“The dew is falling everywhere,
And wet is every rose.
The gentle breath of heaven blows.”
It blows the perfume of the Beauty that is Worship into the heart of this devout enthusiast. His mind is a casket that holds the most precious gems of the Sikh religion and ideals, and gives them forth to an unenlightened world. Nanak, Gobind, Teg Bahadur, the names of the Ten Masters (whose lives he has written) sound in his ears day and night.
The loneliness of exile rings through the quivering poems of Manmohan Ghose.
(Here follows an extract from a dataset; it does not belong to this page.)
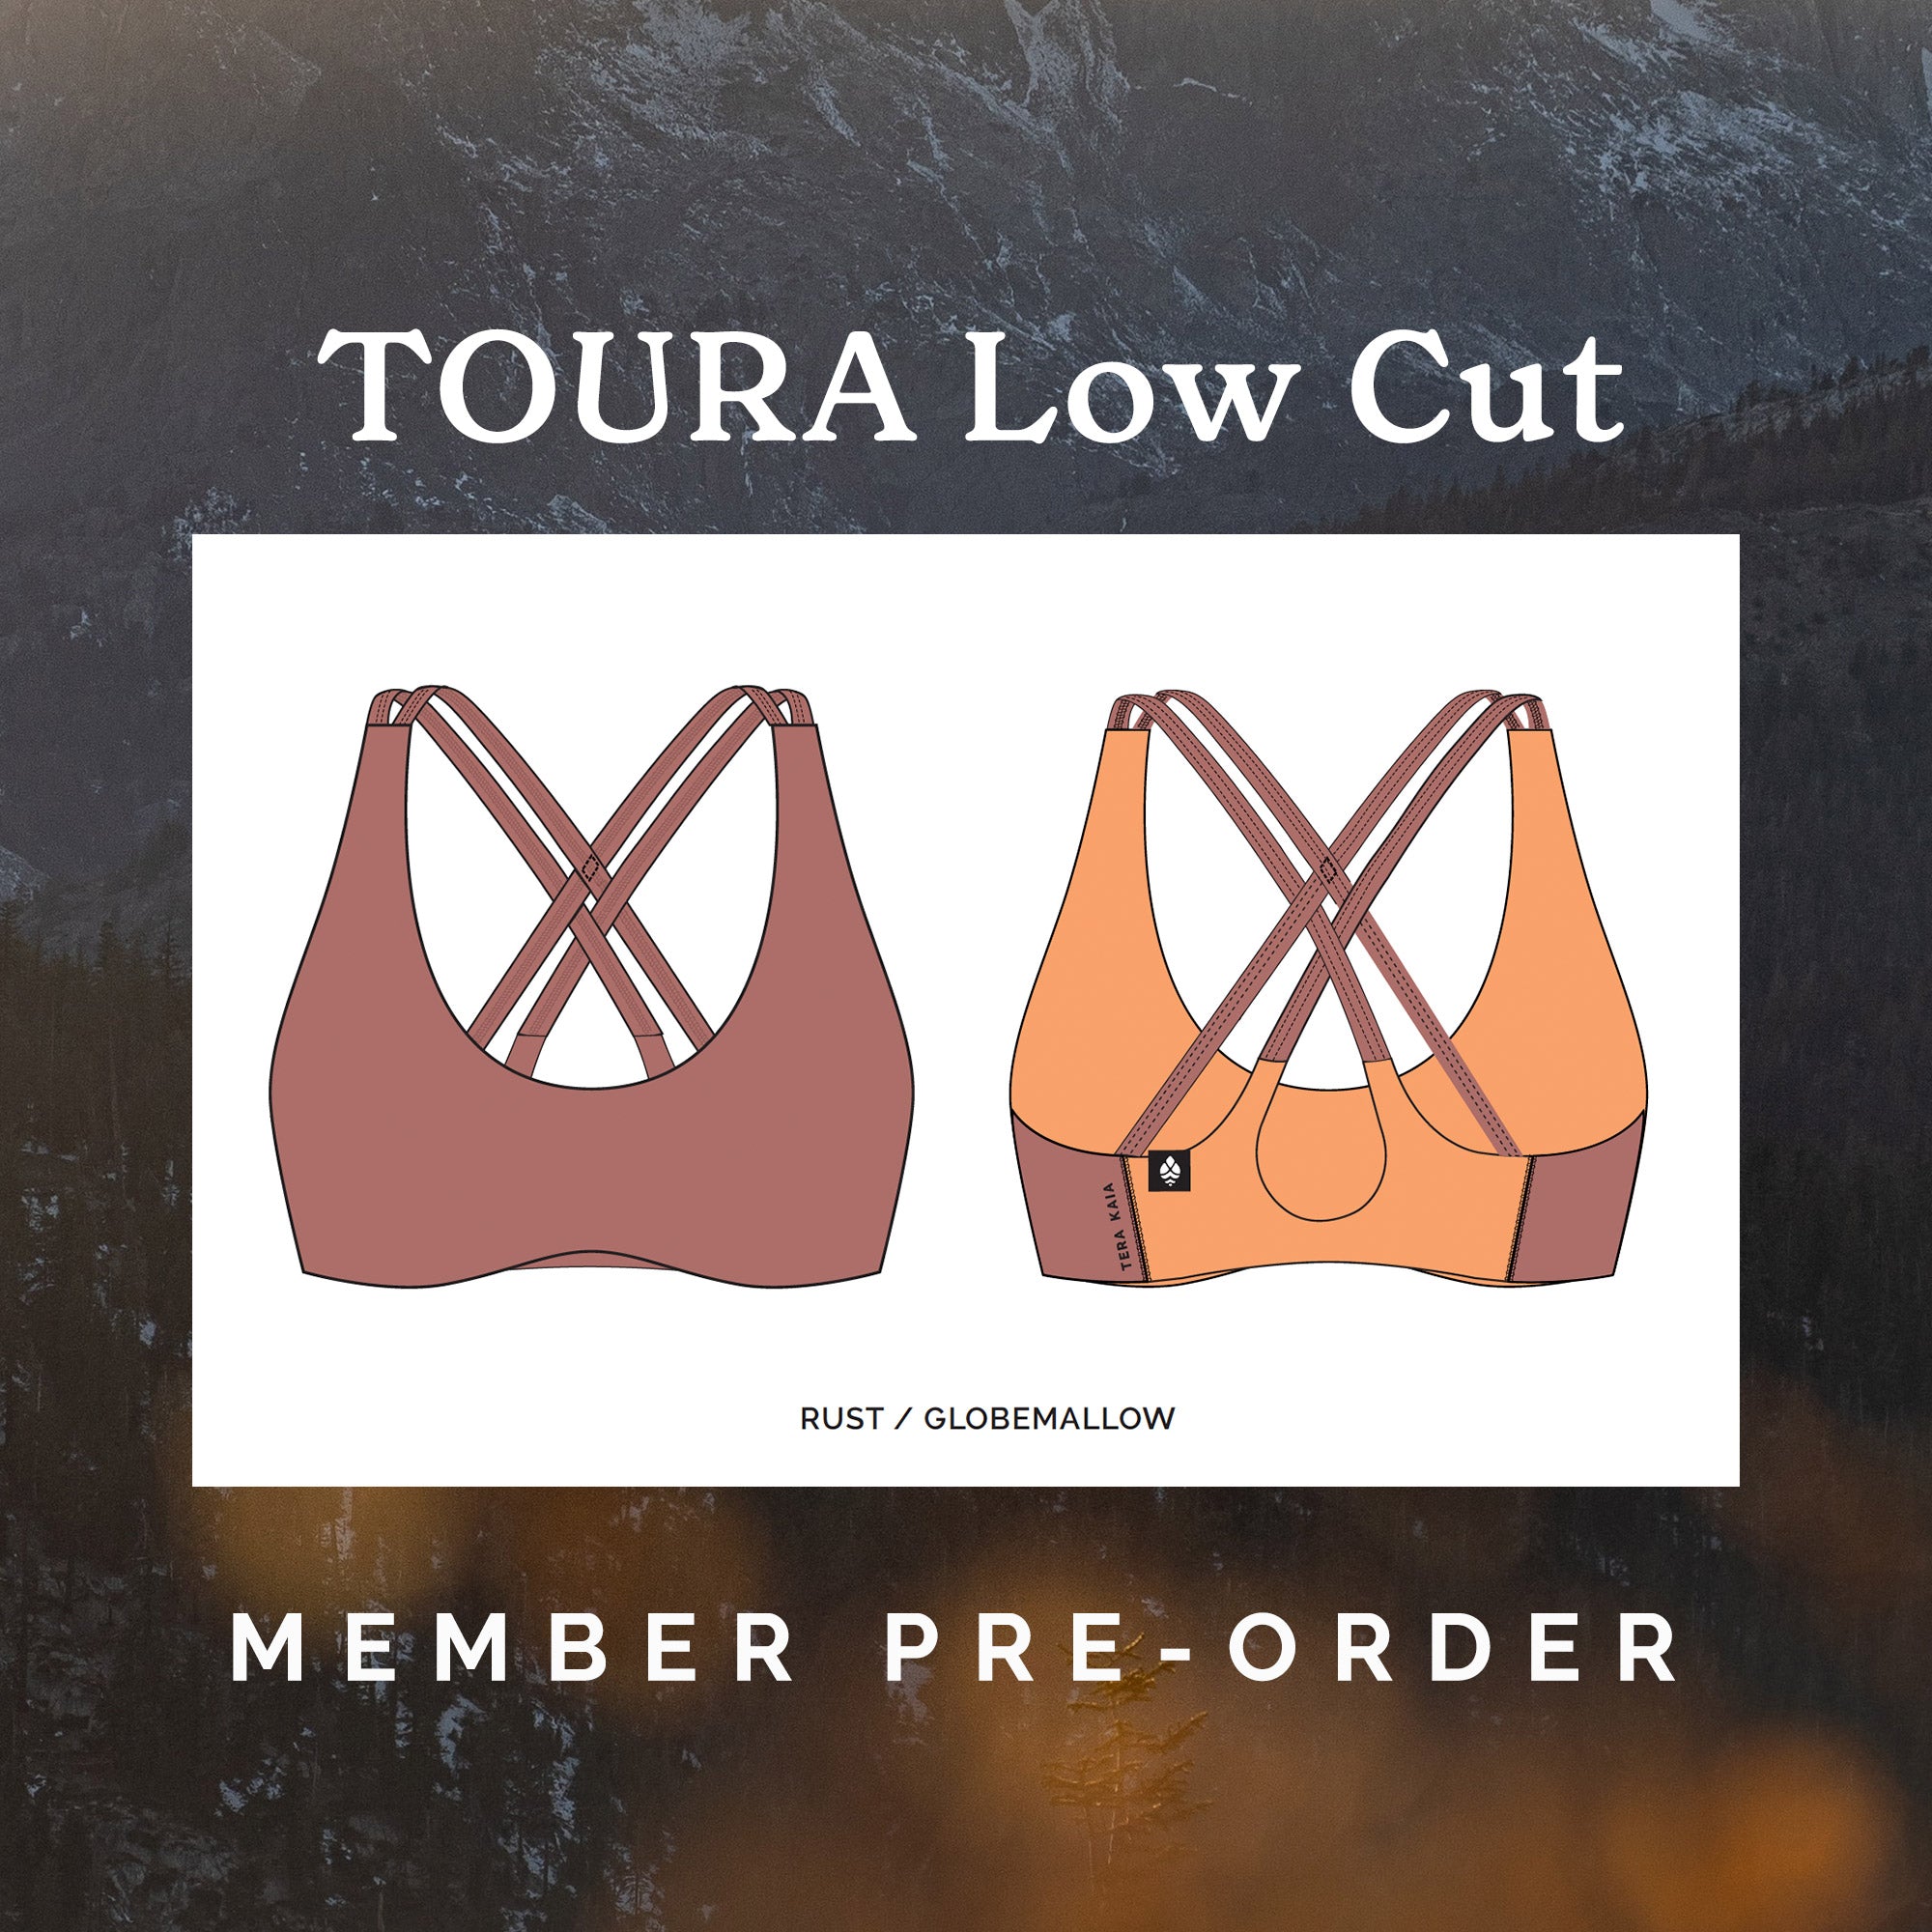 Low Cut | TOURA Basewear Top

“Lost is that country, and all but forgotten
’Mid these chill breezes ...”
All true poets love trees; Manmohan Ghose is no exception:
“Willow sweet, willow sad, willow by the river,
Taught by pensive love to droop, where ceaseless waters shiver.”
Mrs. Pankajini Basu is represented by one poem, “Basanta Panchami,” a description of the famous Spring Festival. One line, in particular, stands out: “Ever sorrowful, ever ill-starred, are we women of Bengal, all of us,” and, one might add, ever devout, ever faithful. The eternal question of Indian womanhood cannot be dismissed with a shrug of the shoulders. Mrs. Naidu’s lines:
“What further need hath she of loveliness
Whom Death hath parted from her lord’s caress?”
seem to strike at the heart of the matter. Time alone will solve a problem which at the moment is very vexed indeed. It would seem almost that in their poems these Indian women express all the fullness of their hearts in love-songs, hymns of conjugal devotion, lamentations, praise of physical beauty, and tributes of faith. Emotional outlets of warm, loyal natures, yet always with the underlying sadness that is the birthright of Hind, like an anthem at evening or the eyes of a convent sister. Melancholy glides like pearly vapour through “The Island Grave” of Sri Aurobindo Ghose:
“And I will meet thee in that lonely place,
Then the grey dawn shall end my hateful days
And death admit me to the silent ways.”